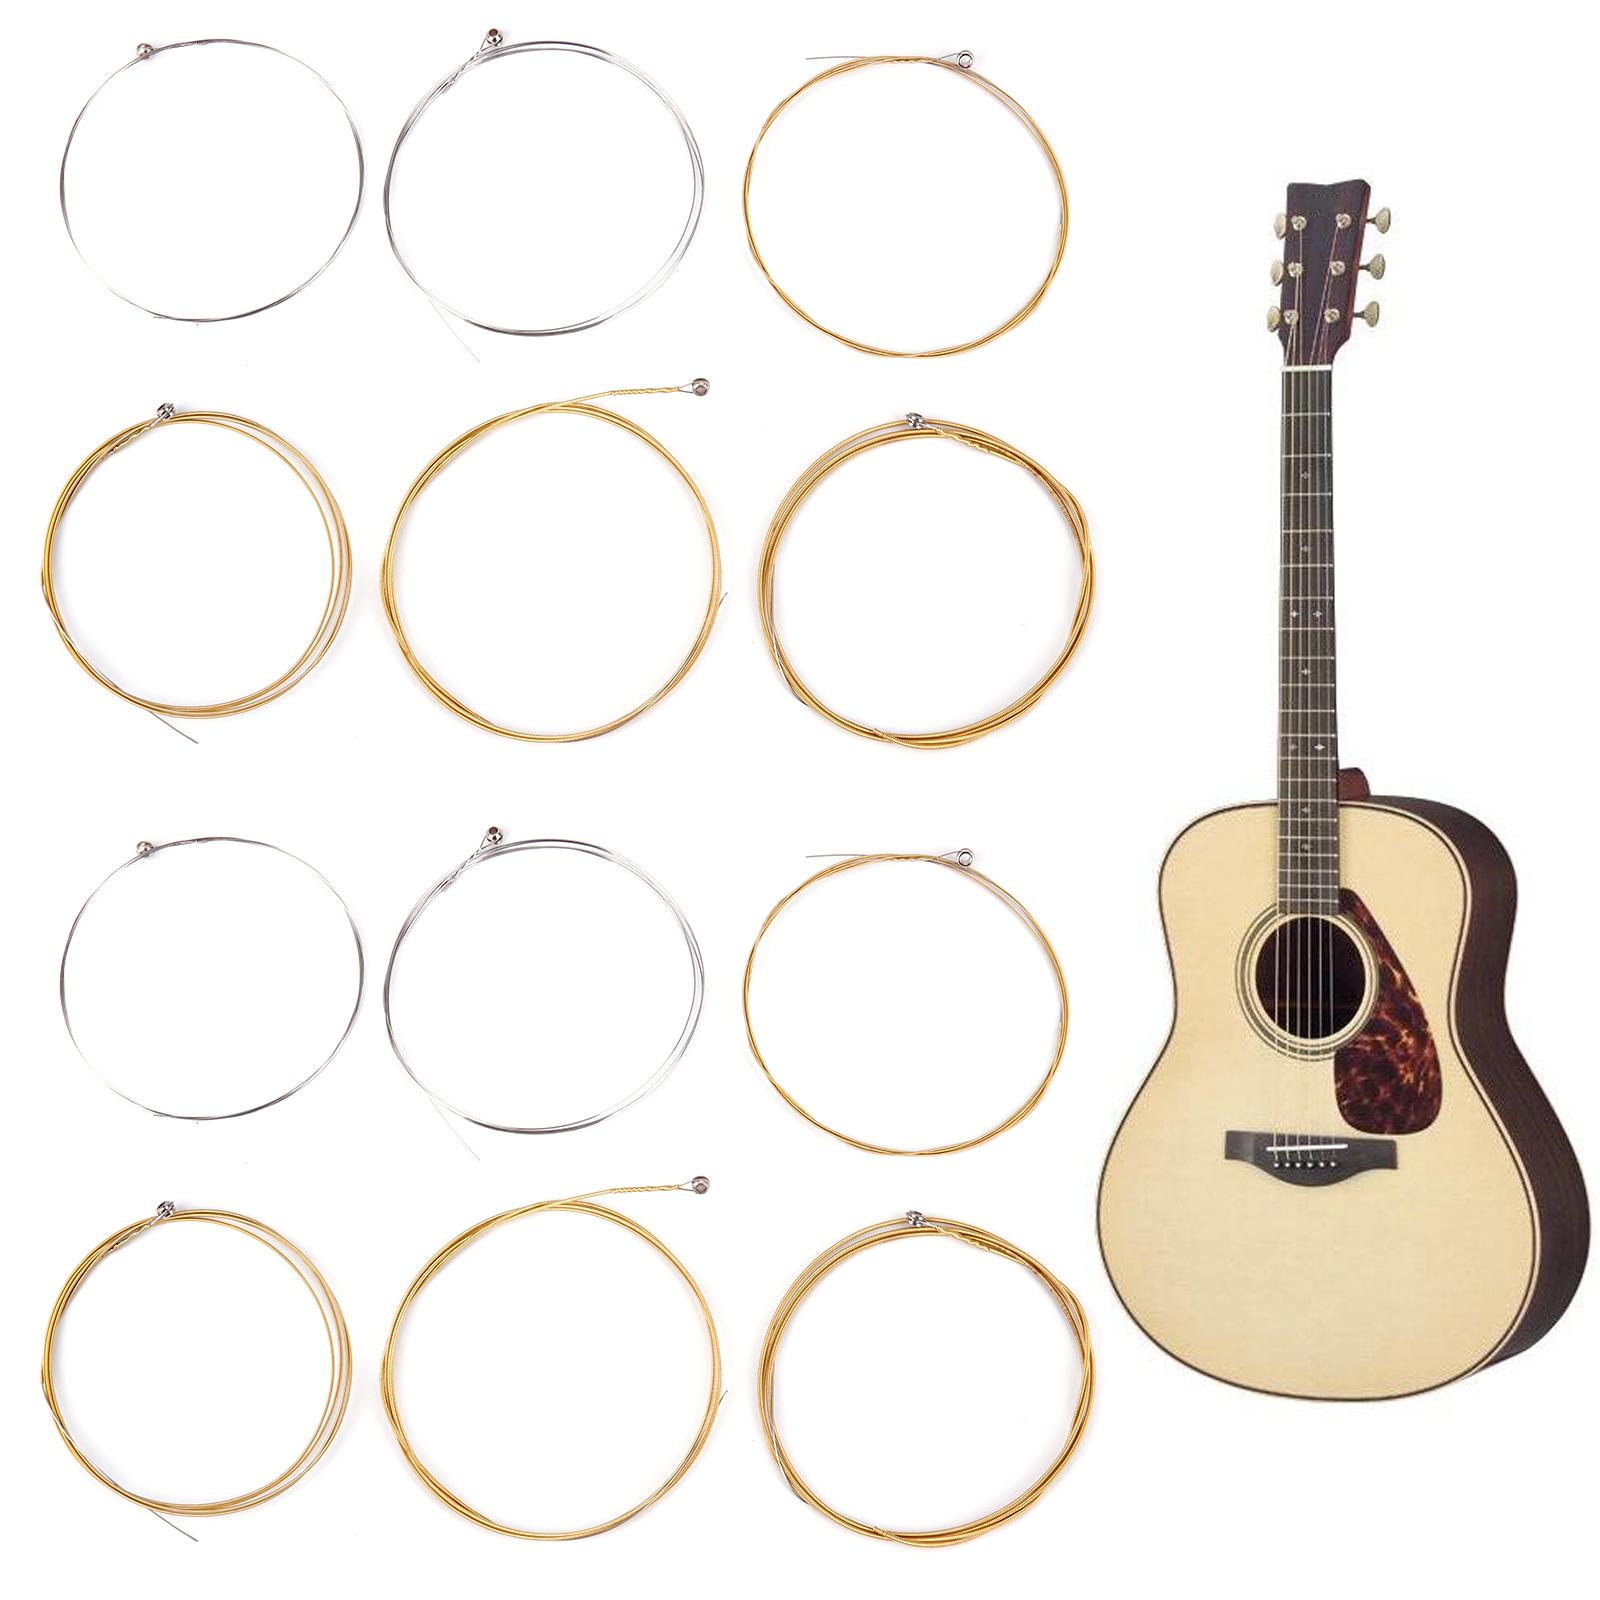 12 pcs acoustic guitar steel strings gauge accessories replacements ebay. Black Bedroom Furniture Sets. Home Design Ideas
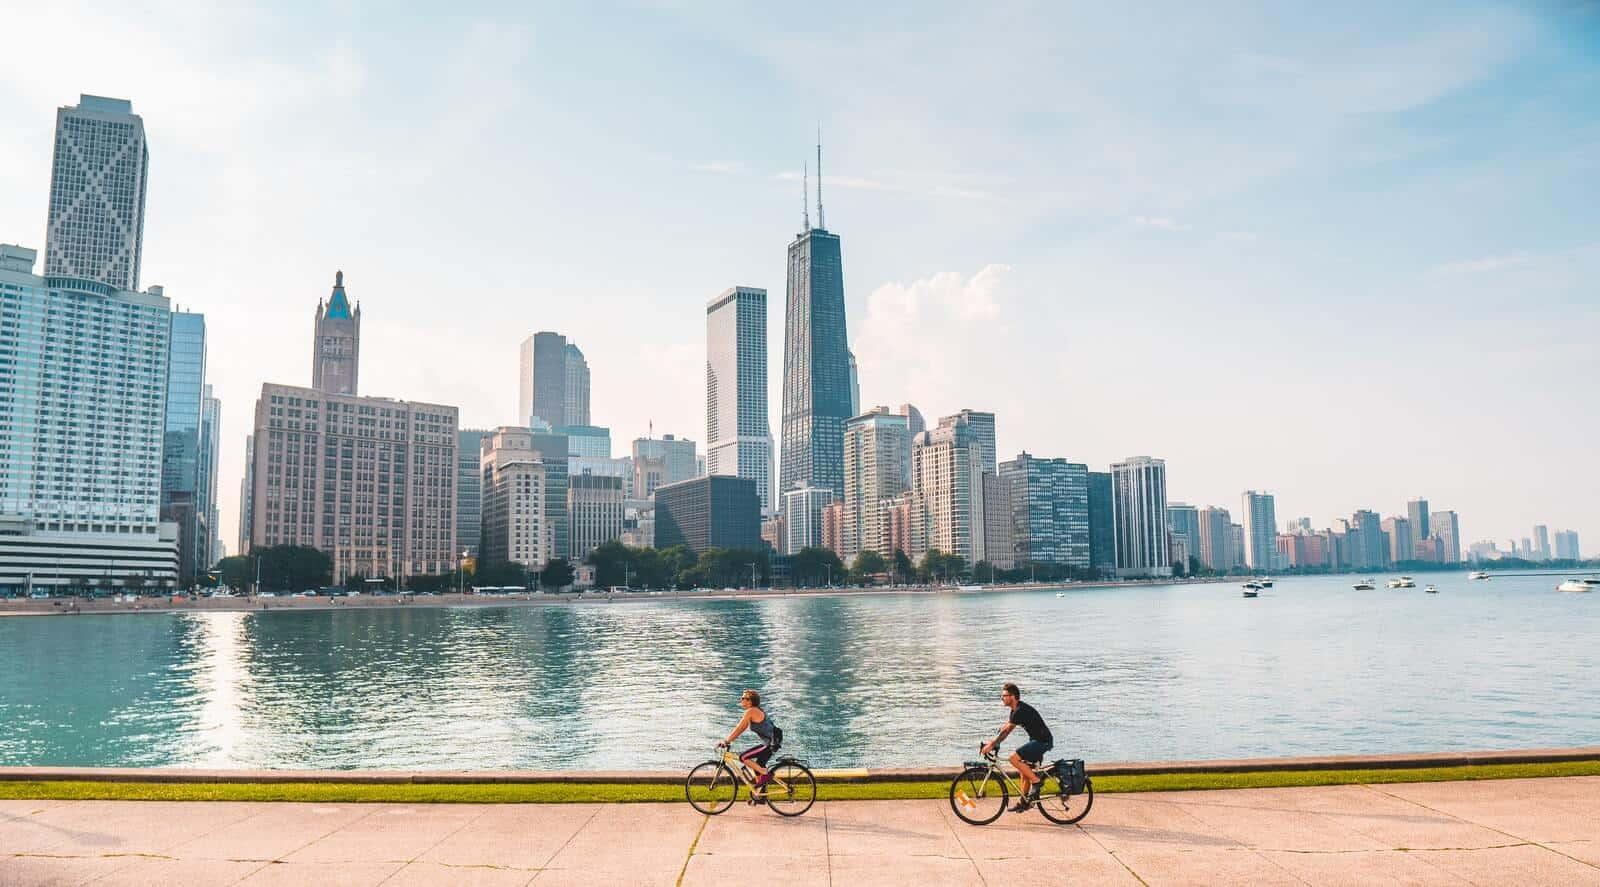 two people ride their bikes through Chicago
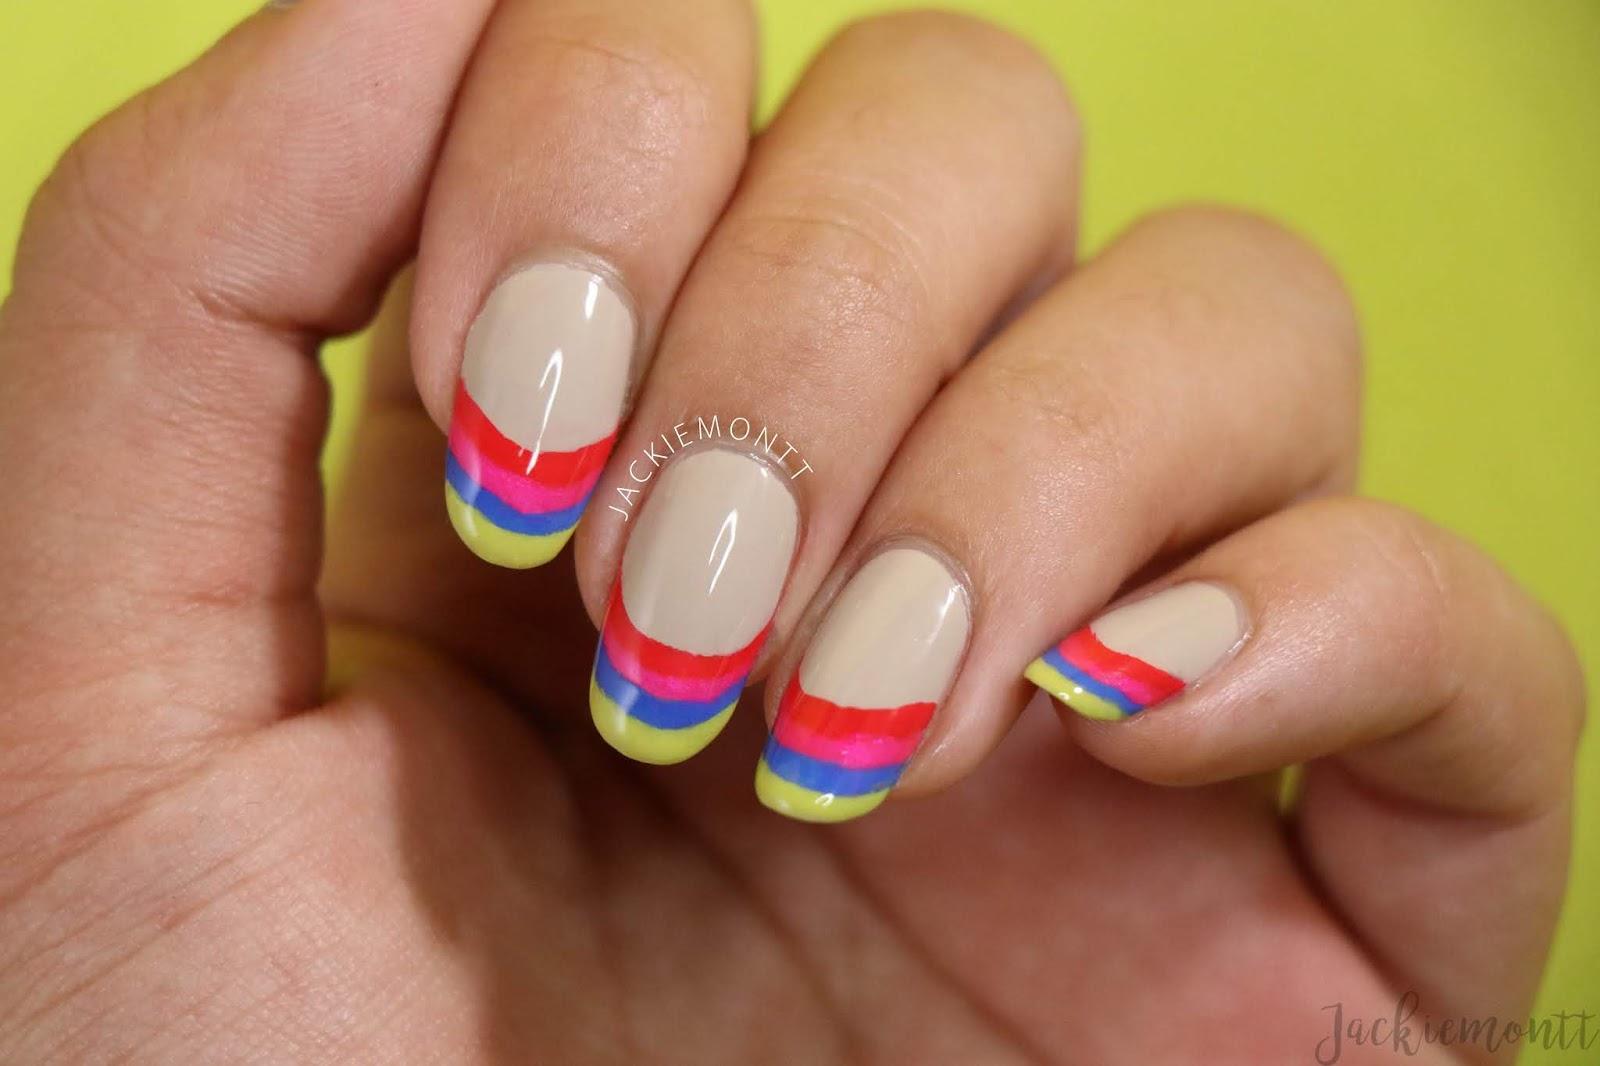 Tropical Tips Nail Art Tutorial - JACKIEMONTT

_PROBLEM REQUIREMENTS:_
Omit every picture while copying the listing above exactly.

_RESPONSE:_
 12 pcs acoustic guitar steel strings gauge accessories replacements ebay. Black Bedroom Furniture Sets. Home Design Ideas
 two people ride their bikes through Chicago
 Tropical Tips Nail Art Tutorial - JACKIEMONTT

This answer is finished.